The Effects of Multi-modal Takeover Request on Distracted Drivers’ Takeover Performance and Perception
Abstract
Visual and cognitive distractions caused by non-driving related tasks (NDRT) engagement and over-trust were exposed and considered a serious driving safety hazard for the automated driving system (ADS). However, the typical HMI design of takeover request (TOR) in the market (displaying a symbol in the digital cluster with an auditory warning) can be easily unnoticed, especially in auditory conflicts scenarios, and should be optimized urgently. This study introduced four multi-modality combinations of TOR. It examined the differences in drivers’ reaction time, reaction quality, and subjective perception in situations where the drivers were experiencing visual and cognitive distractions.

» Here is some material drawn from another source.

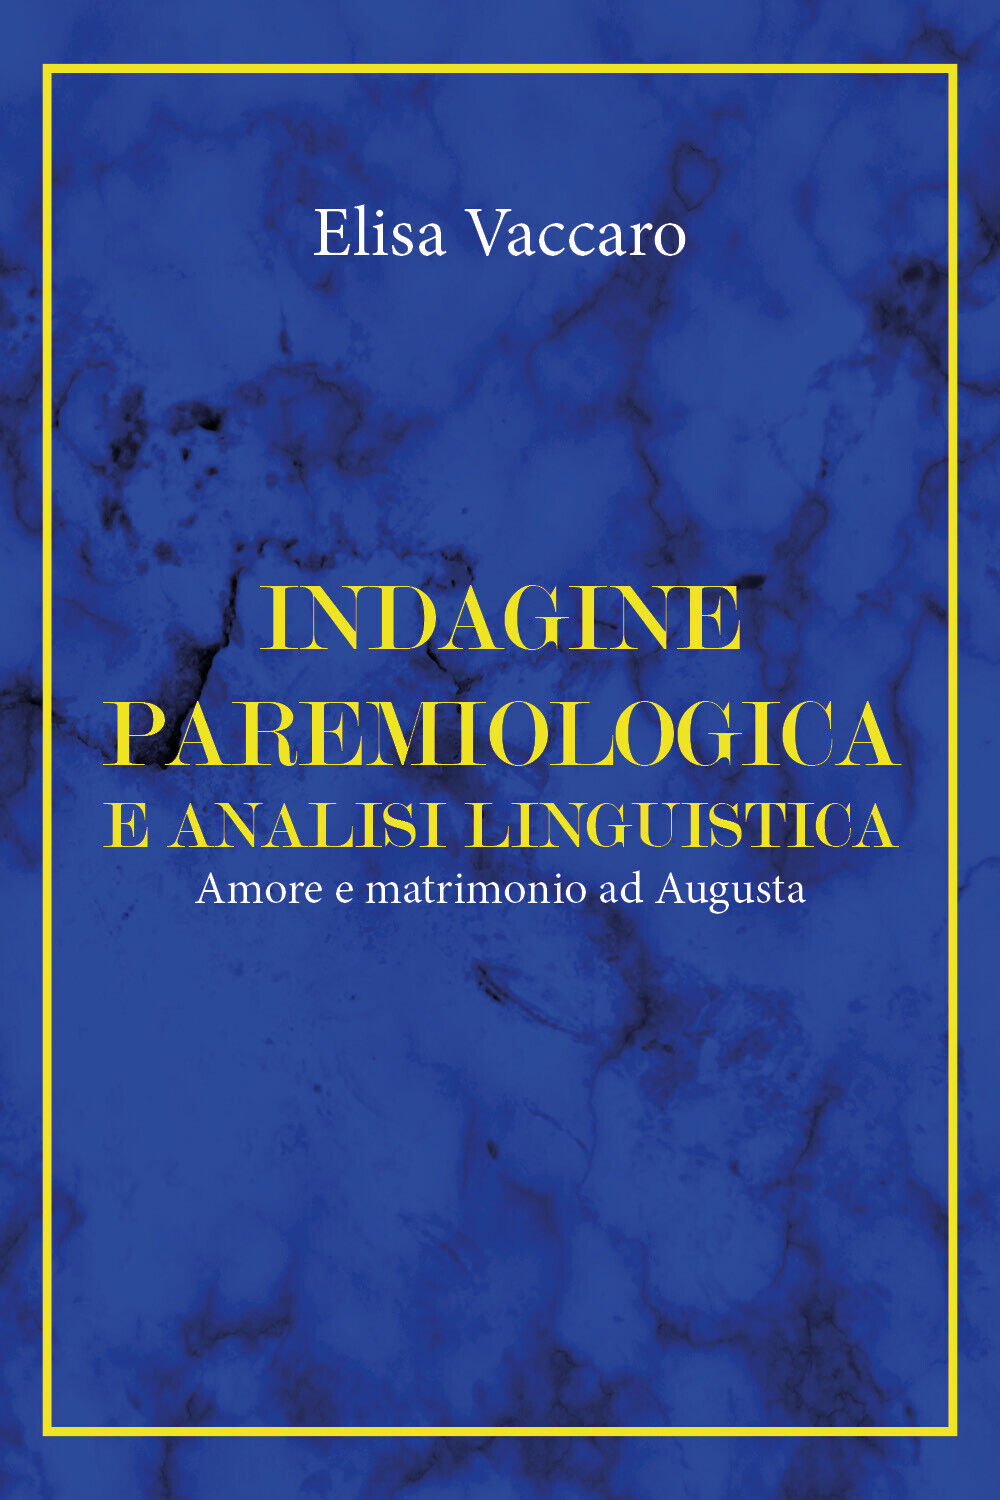 Indagine paremiologica e analisi linguistica -  Elisa Vaccaro,  2019,  Youcanpri

Eighteen drivers participated in the driving-simulator experiment. Results showed that the symbol and speech combination was difficult to notice, yet it was the easiest to understand. Vibration and speech combination could effectively alert the distracted drivers within the shortest time, but there was negative experience feedback from the drivers. Ambient light and speech combination could guide drivers but was inconvenient in time-critical situations. Vibration, light, and speech combination has shown a better performance and user experience in general. Our results provide multi-modal TOR design implications that improve takeover performances and user experiences.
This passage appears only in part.